▼

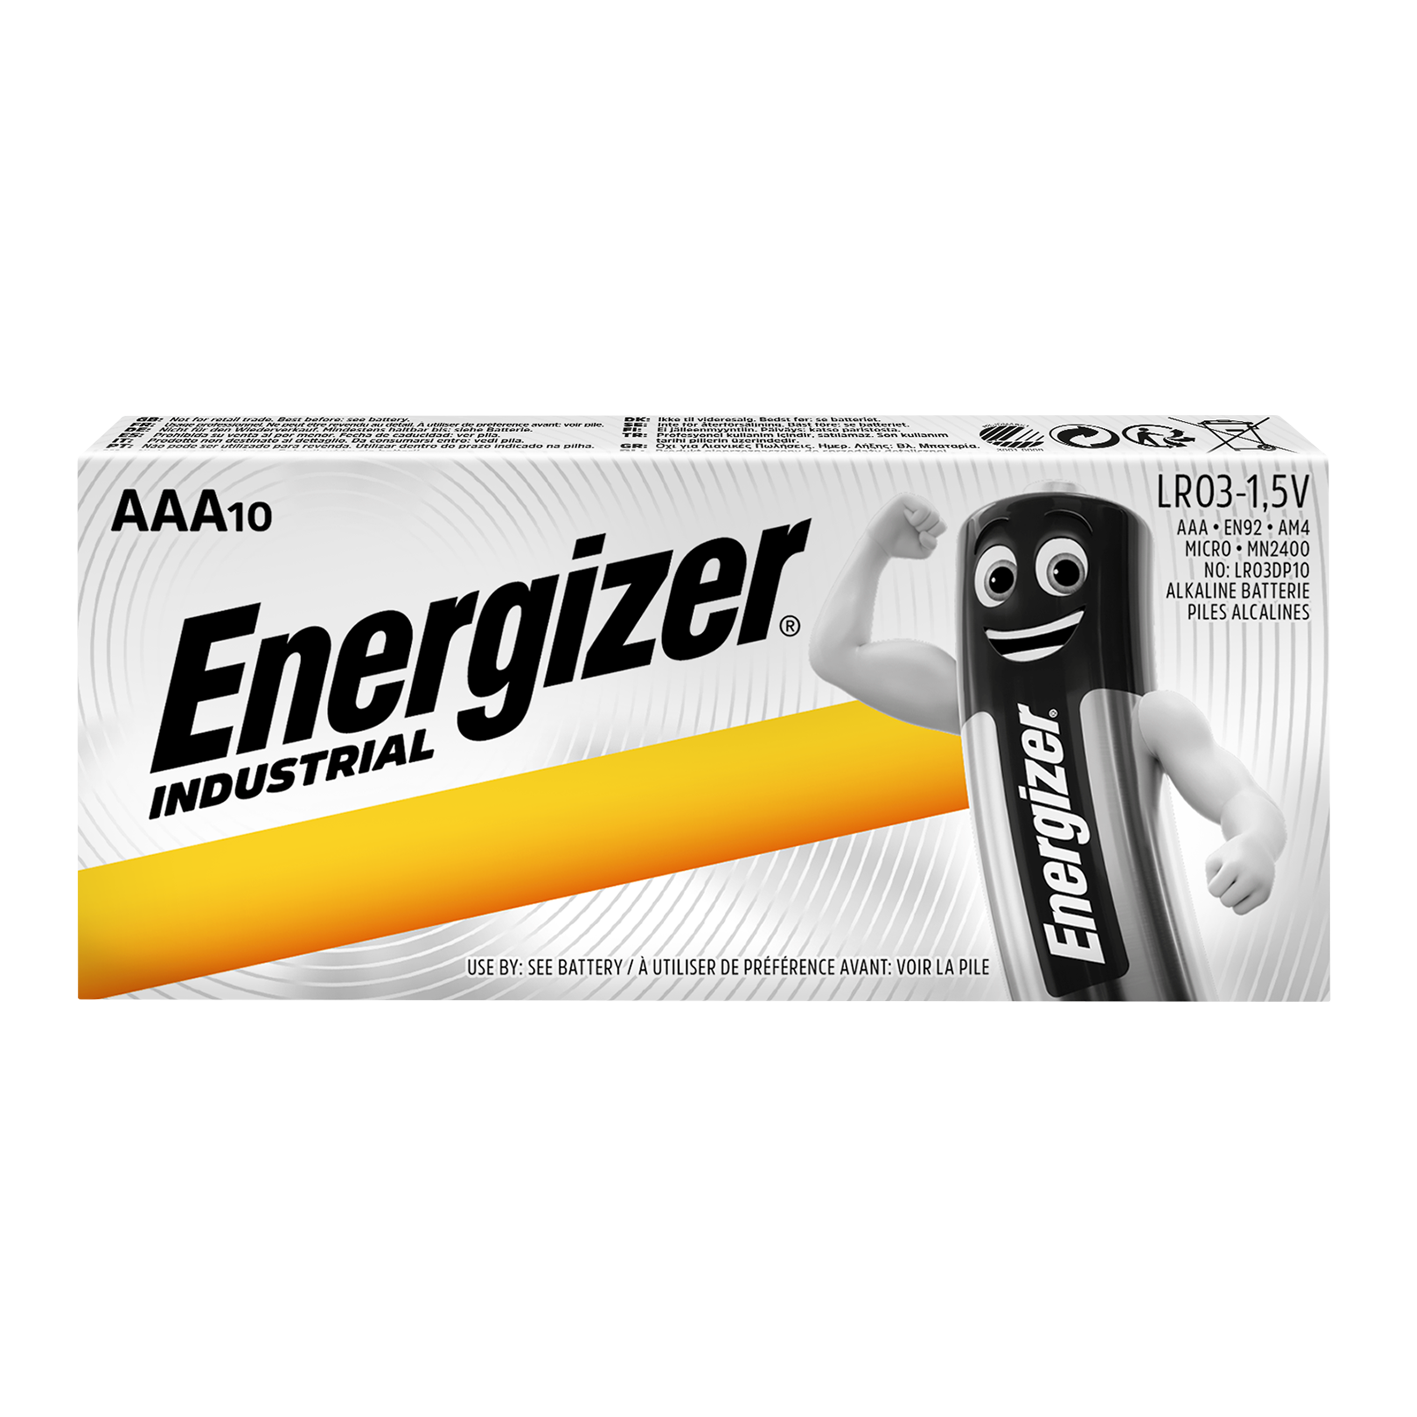 Energizer AAA Industrial, paquete de 10
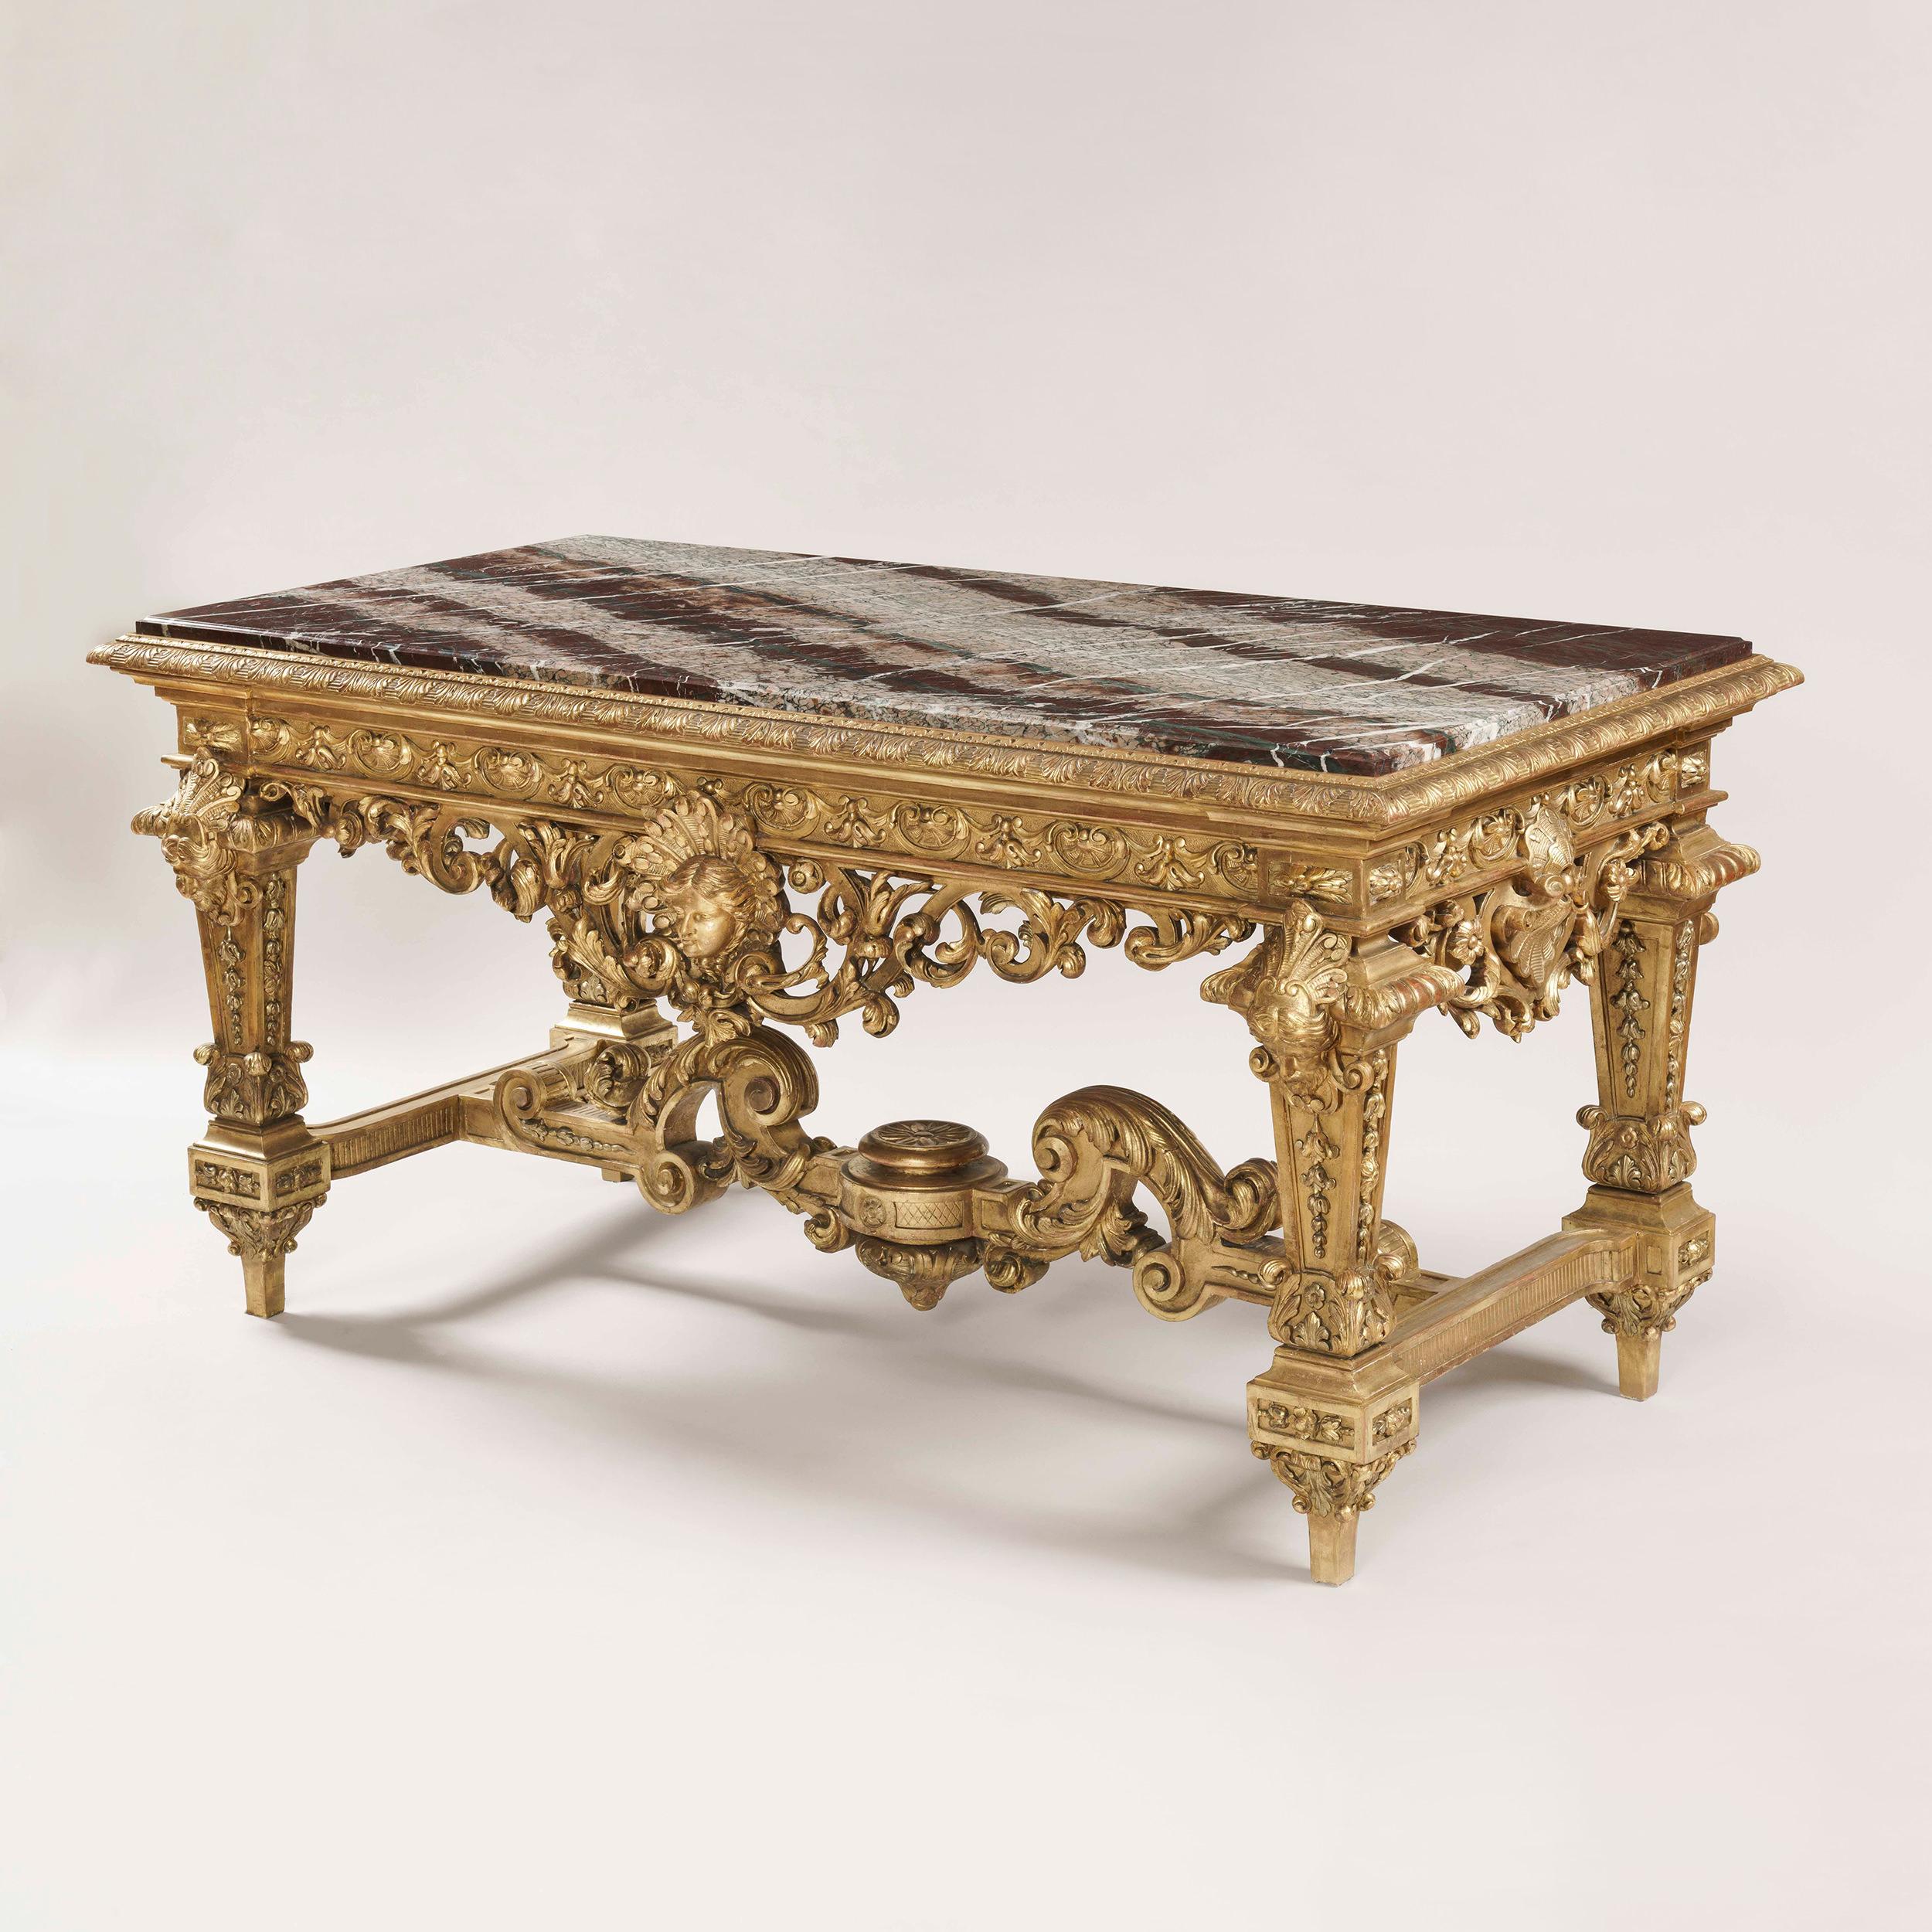 Ein außergewöhnlicher Tisch aus vergoldetem Holz de Milieu
im Stil von Ludwig XIV.

Ein wahres Vergnügen des Schnitzers, der vergoldete Mitteltisch von rechteckiger Form, der auf vier balusterförmigen Beinen steht, die durch eine Bahre verbunden
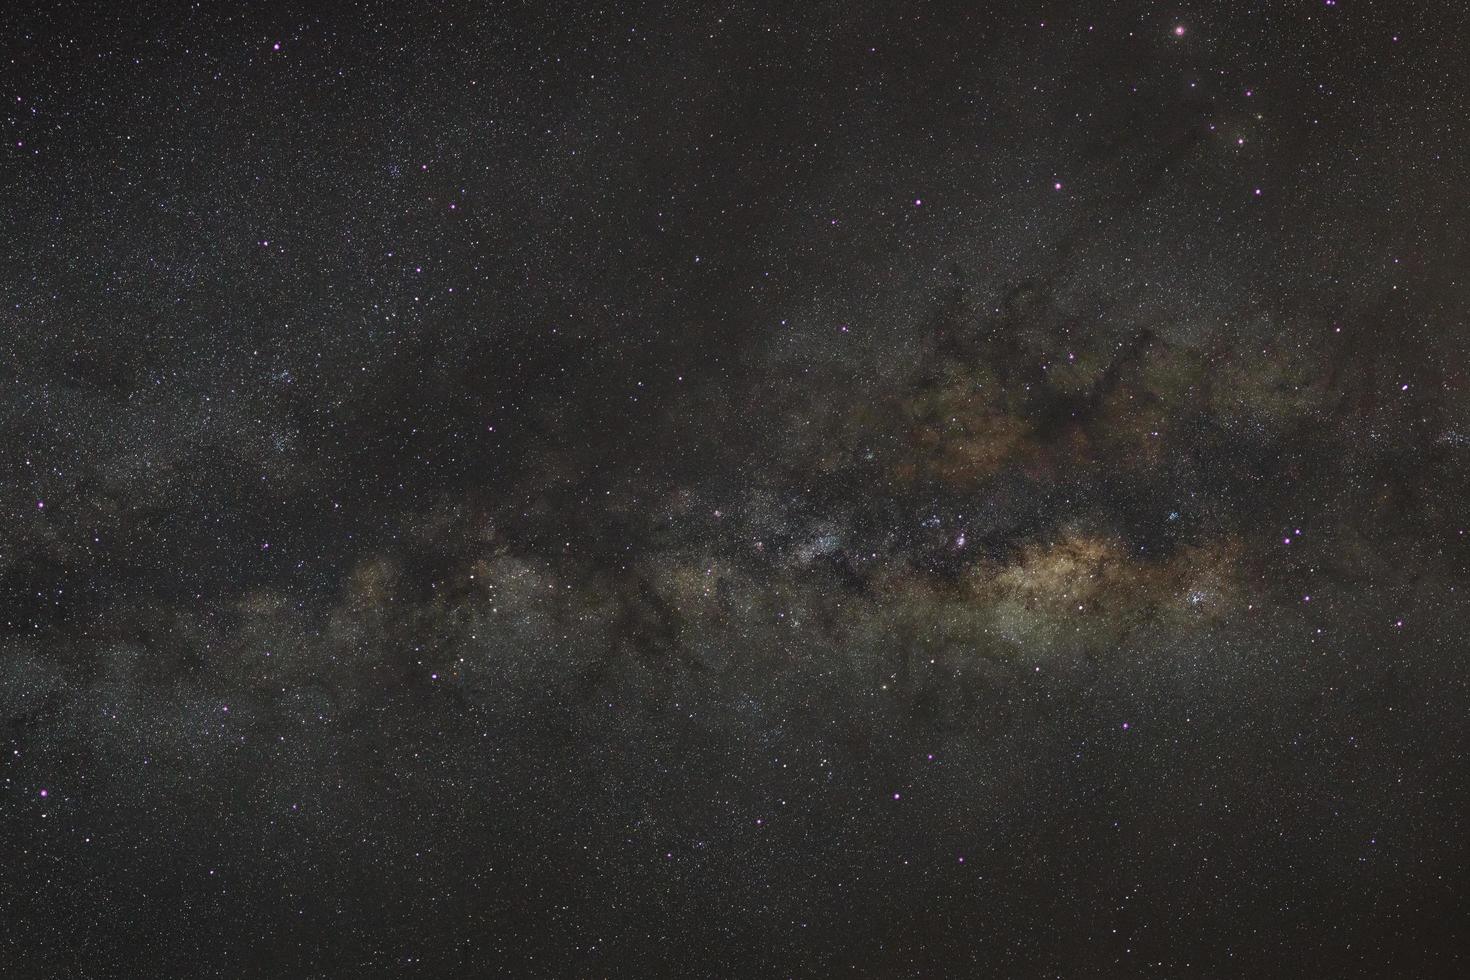 cielo nocturno estrellado, galaxia vía láctea con estrellas y polvo espacial en el universo, fotografía de larga exposición, con grano. foto

▲

# What you should do
From the first line to the last, repeat the listing exactly and skip its images.

# Expected answer
 Energizer AAA Industrial, paquete de 10
 Ein außergewöhnlicher Tisch aus vergoldetem Holz de Milieu
im Stil von Ludwig XIV.

Ein wahres Vergnügen des Schnitzers, der vergoldete Mitteltisch von rechteckiger Form, der auf vier balusterförmigen Beinen steht, die durch eine Bahre verbunden
 cielo nocturno estrellado, galaxia vía láctea con estrellas y polvo espacial en el universo, fotografía de larga exposición, con grano. foto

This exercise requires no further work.